Mathieu Improvisato/Unsplash

The Trend: The idea of “fitness as a sport” is having a resurgence. CrossFit helped popularize it decades ago with the CrossFit Games, where people competed across varied workouts. You could argue it goes back even further — bodybuilding, powerlifting, and running are all ways of testing specific aspects of fitness. Today, though, the phrase mostly refers to hybrid training events like Hyrox and REVL, both rapidly growing.

What People Are Saying: The big difference between traditional sports and fitness as a sport, some say, is that for the latter, fitness is the entire point. In team sports, fitness is a means to an end. In a Hyrox race, fitness is the means and the end. That can “create purpose, progression, and belonging” for gym-goers. Proponents say fitness as sport motivates and provides a space for the “everyday athlete,” while critics argue it makes sport accessible only to those who have disposable income. 

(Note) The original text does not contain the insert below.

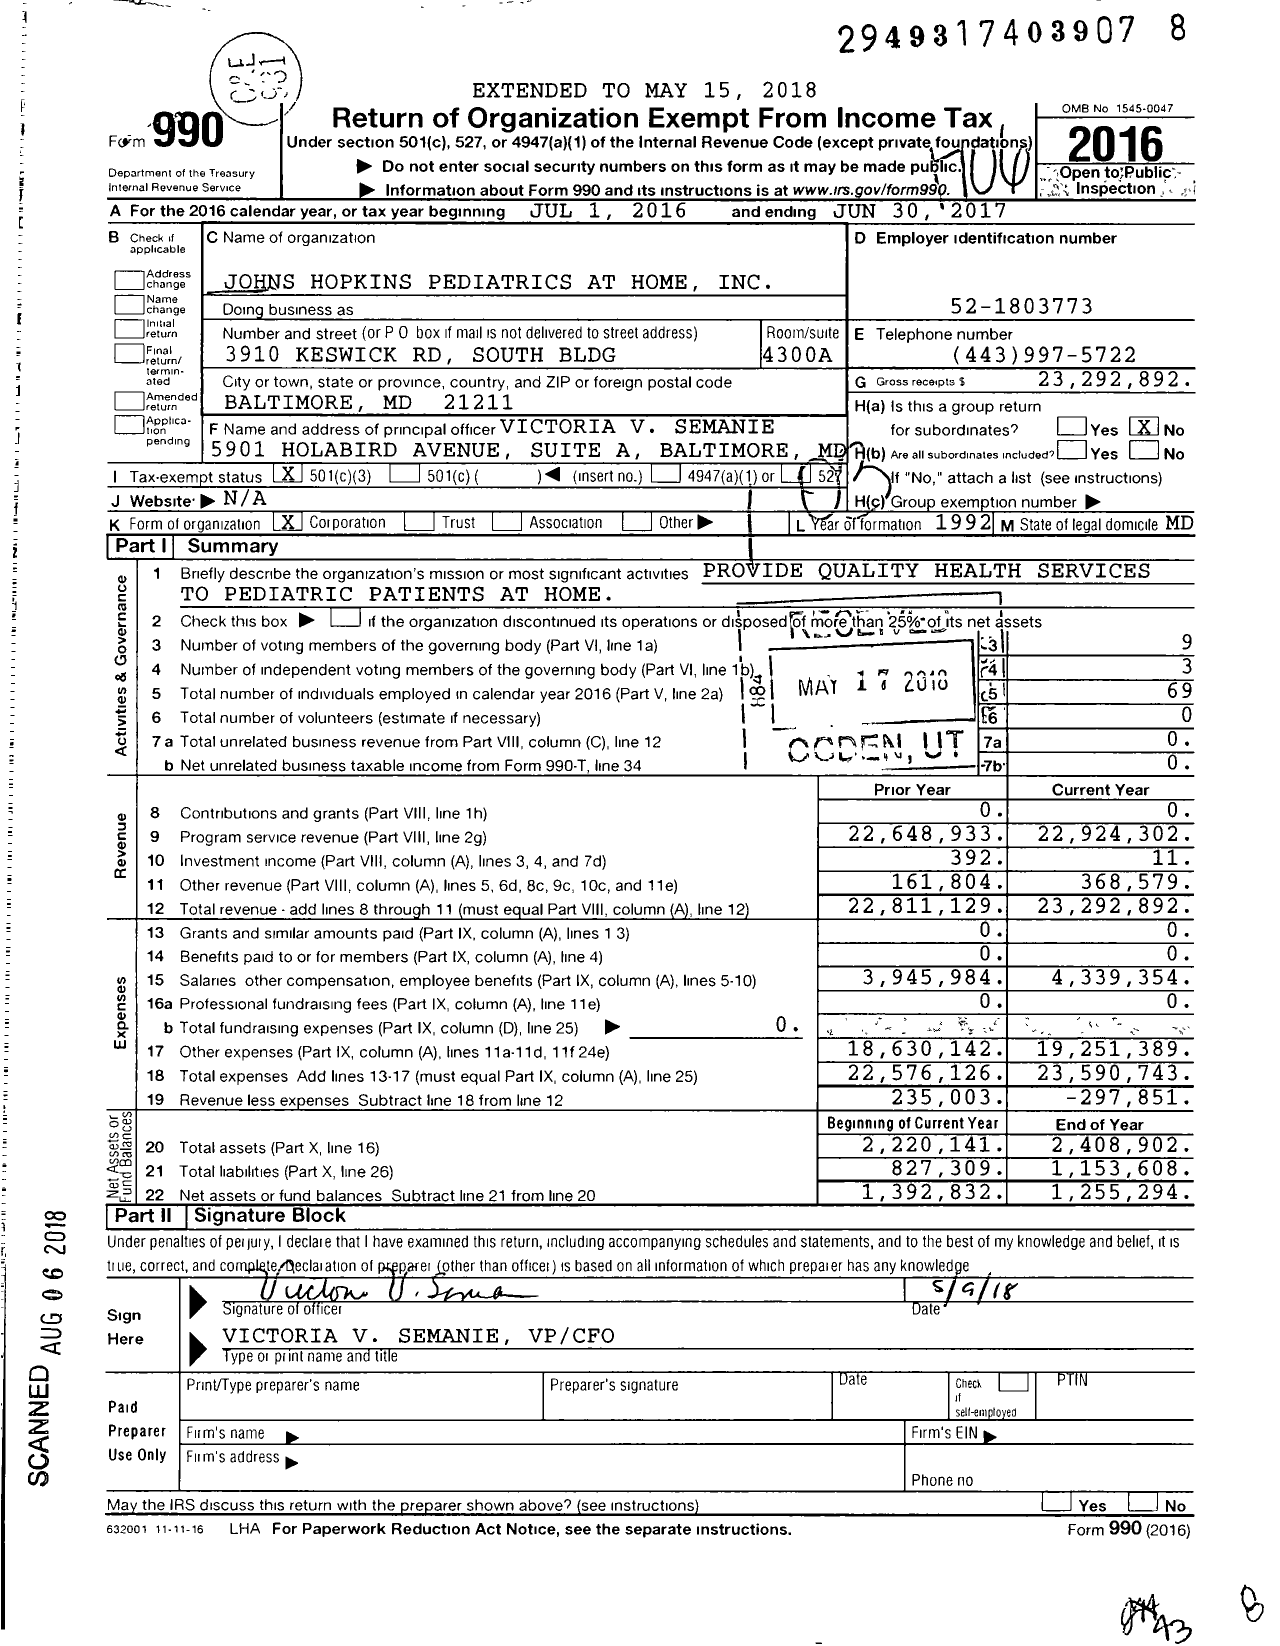 Image of first page of 2016 Form 990 for Johns Hopkins Pediatrics at Home

What to Know: All sports demand fitness and basic skills: endurance in running, strength in powerlifting. Hybrid competitions merge both, rewarding well-rounded athletes. CrossFit layers in gymnastics and maximal strength. Ultimately, fitness becomes a sport if you want it to be: pursue it for fun or competition — whatever gets you moving.


Amanda Capritto is a writer and editor who covers health, fitness, outdoor adventure, and travel.…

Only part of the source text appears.